→ **Assignment**
Scan the records below for the line with "Datei Foto vom" and the line with "Sharp MX-M282N, MX-M362N, MX-M452N, MX-M502N", and retype that range exactly, both ends included, pictures excepted.

[Opening Dataset records section]

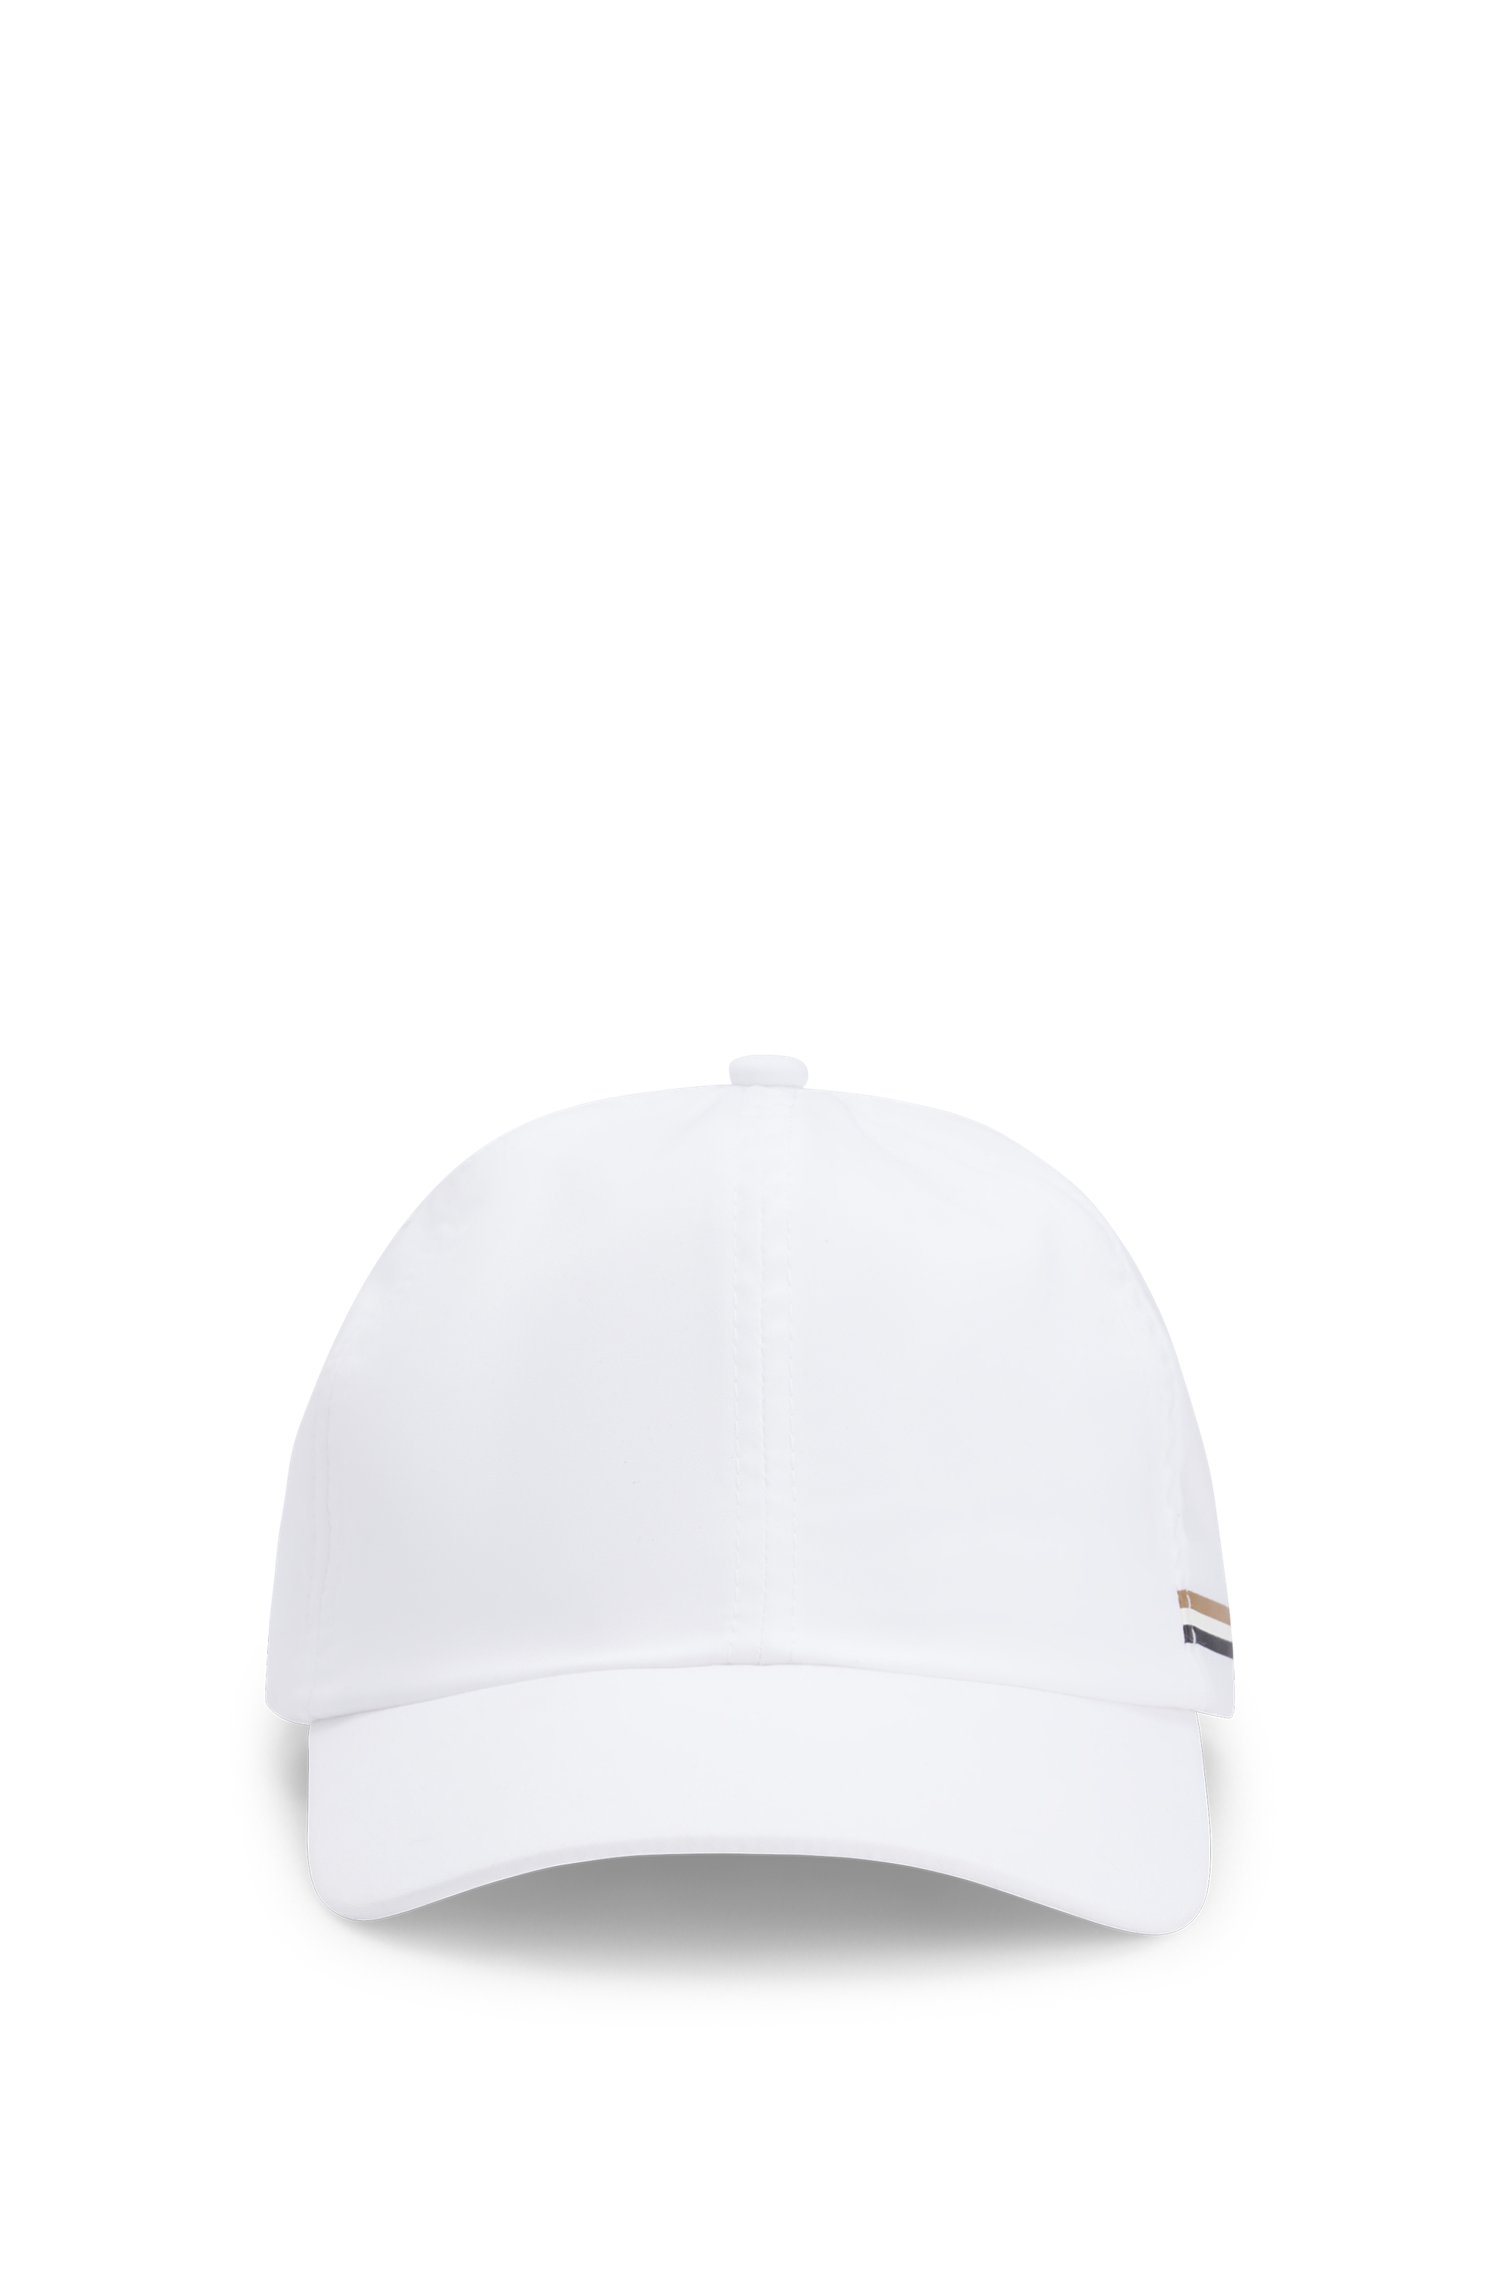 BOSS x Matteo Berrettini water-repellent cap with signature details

[Closing Dataset records section]
[Opening Dataset records section]

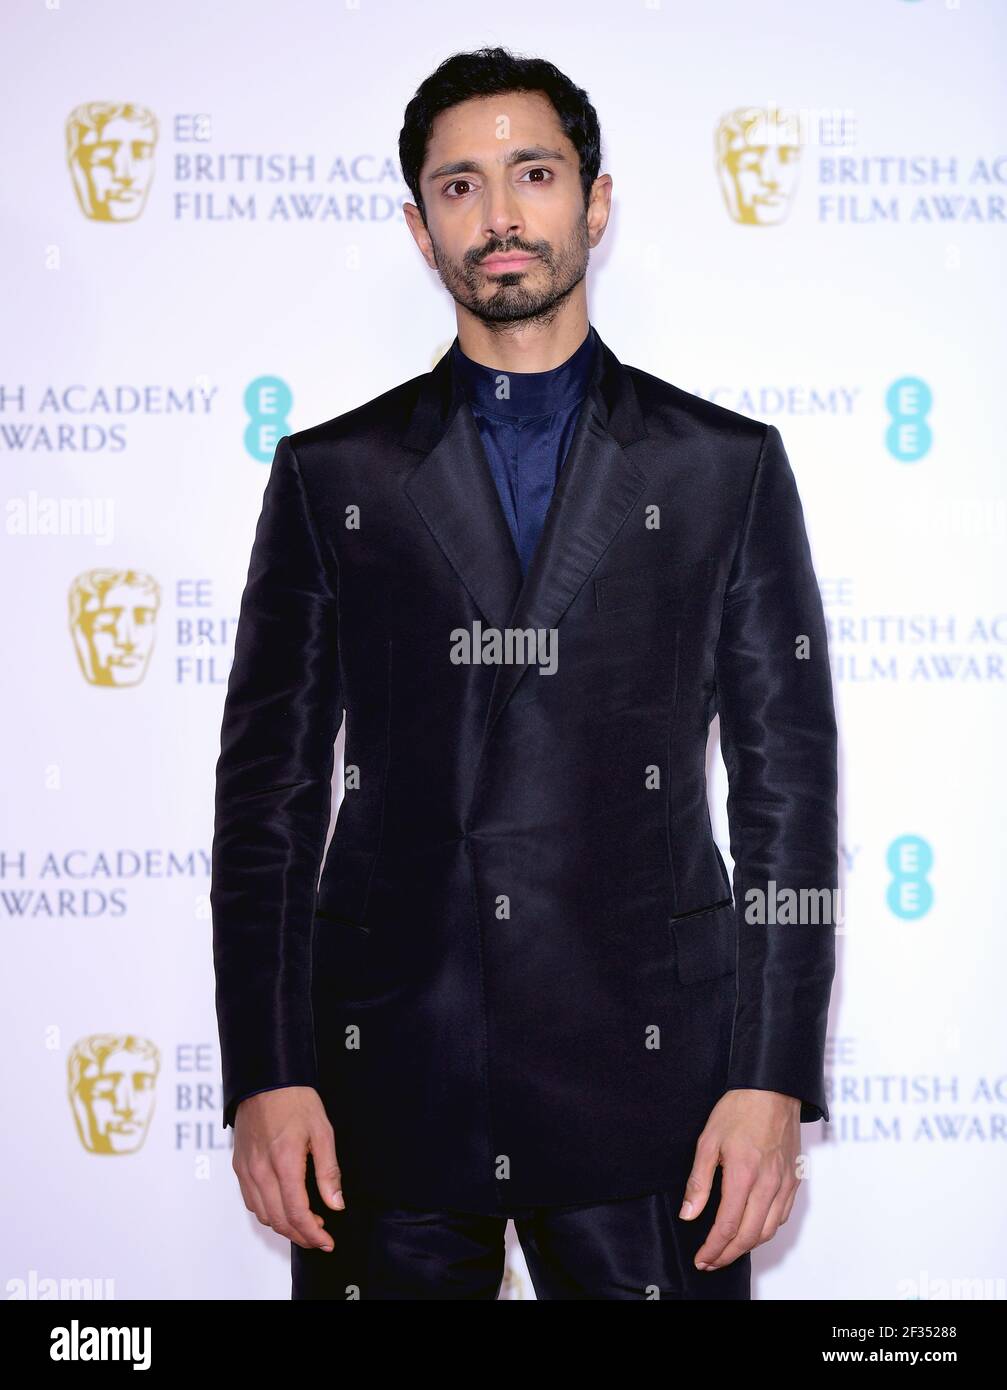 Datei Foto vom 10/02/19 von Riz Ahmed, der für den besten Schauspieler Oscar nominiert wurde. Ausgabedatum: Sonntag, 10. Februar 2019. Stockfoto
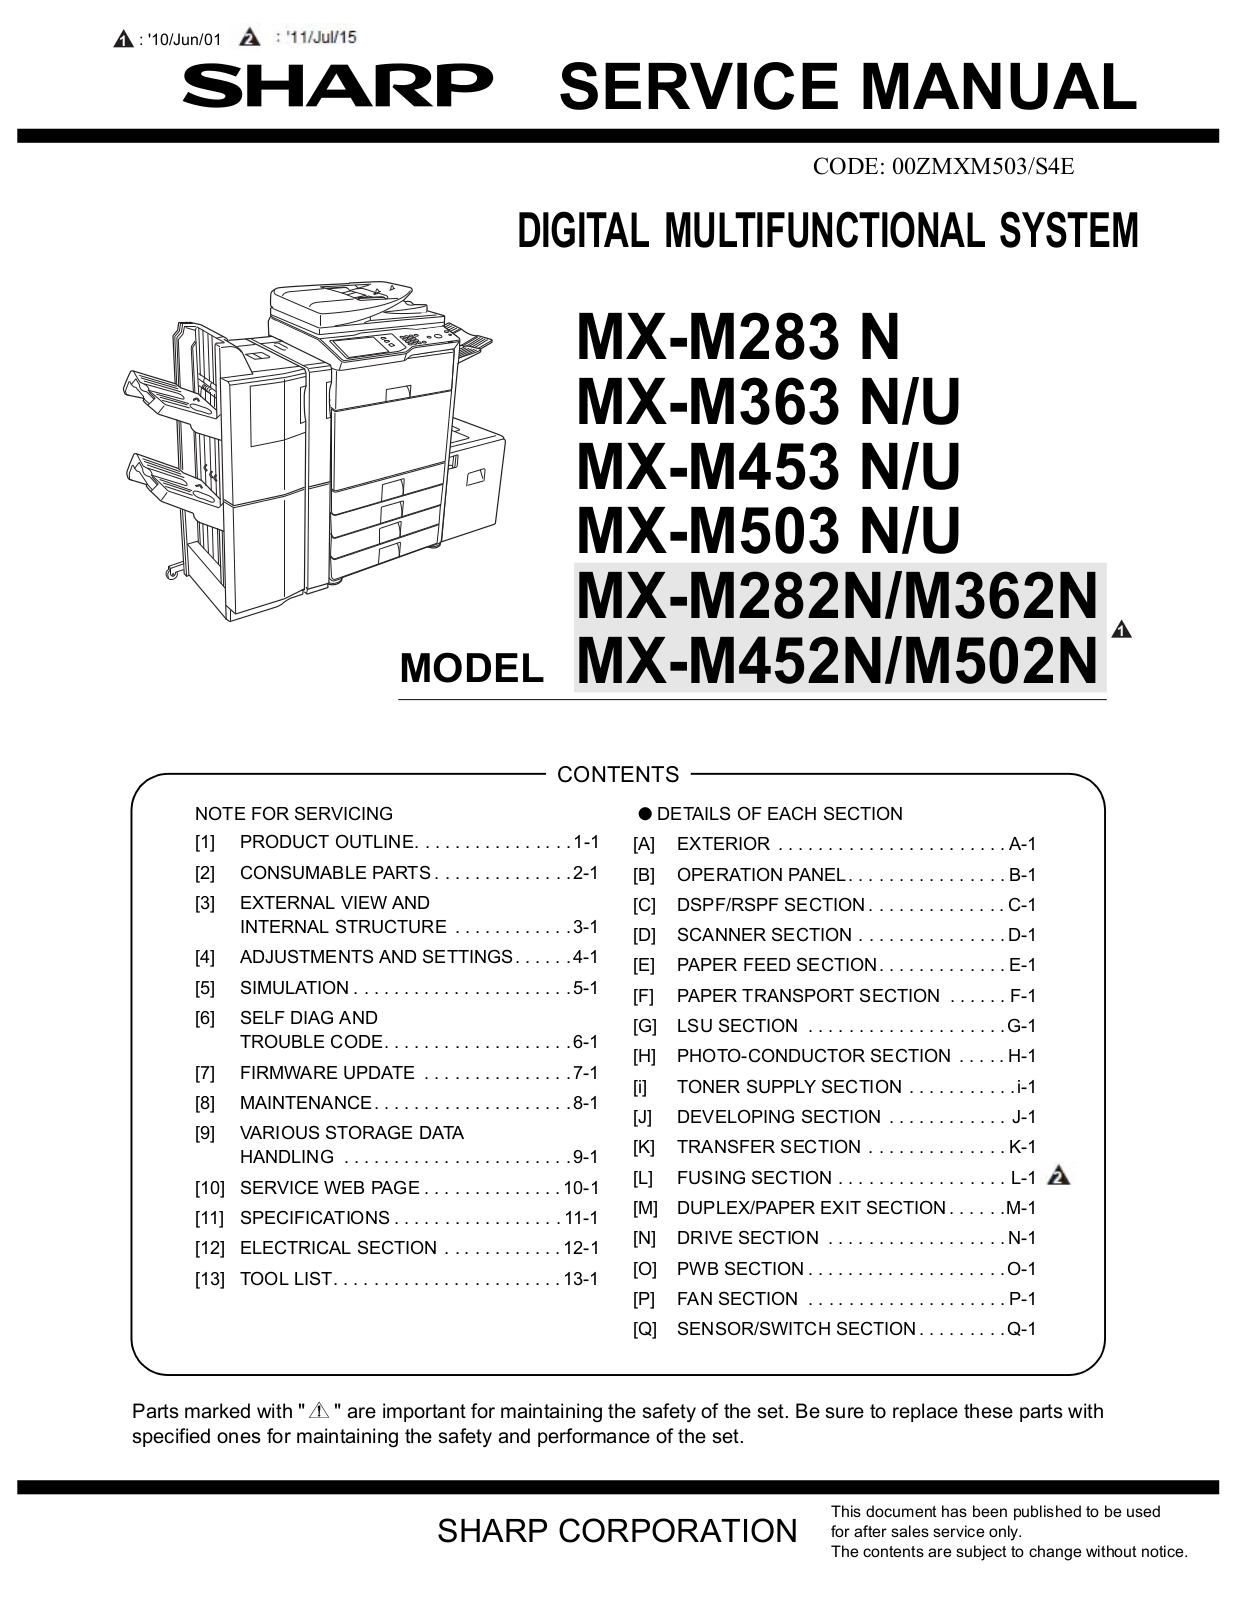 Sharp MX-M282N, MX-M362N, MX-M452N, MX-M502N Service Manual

[Closing Dataset records section]

→ **Finished task**
 Datei Foto vom 10/02/19 von Riz Ahmed, der für den besten Schauspieler Oscar nominiert wurde. Ausgabedatum: Sonntag, 10. Februar 2019. Stockfoto
 Sharp MX-M282N, MX-M362N, MX-M452N, MX-M502N Service Manual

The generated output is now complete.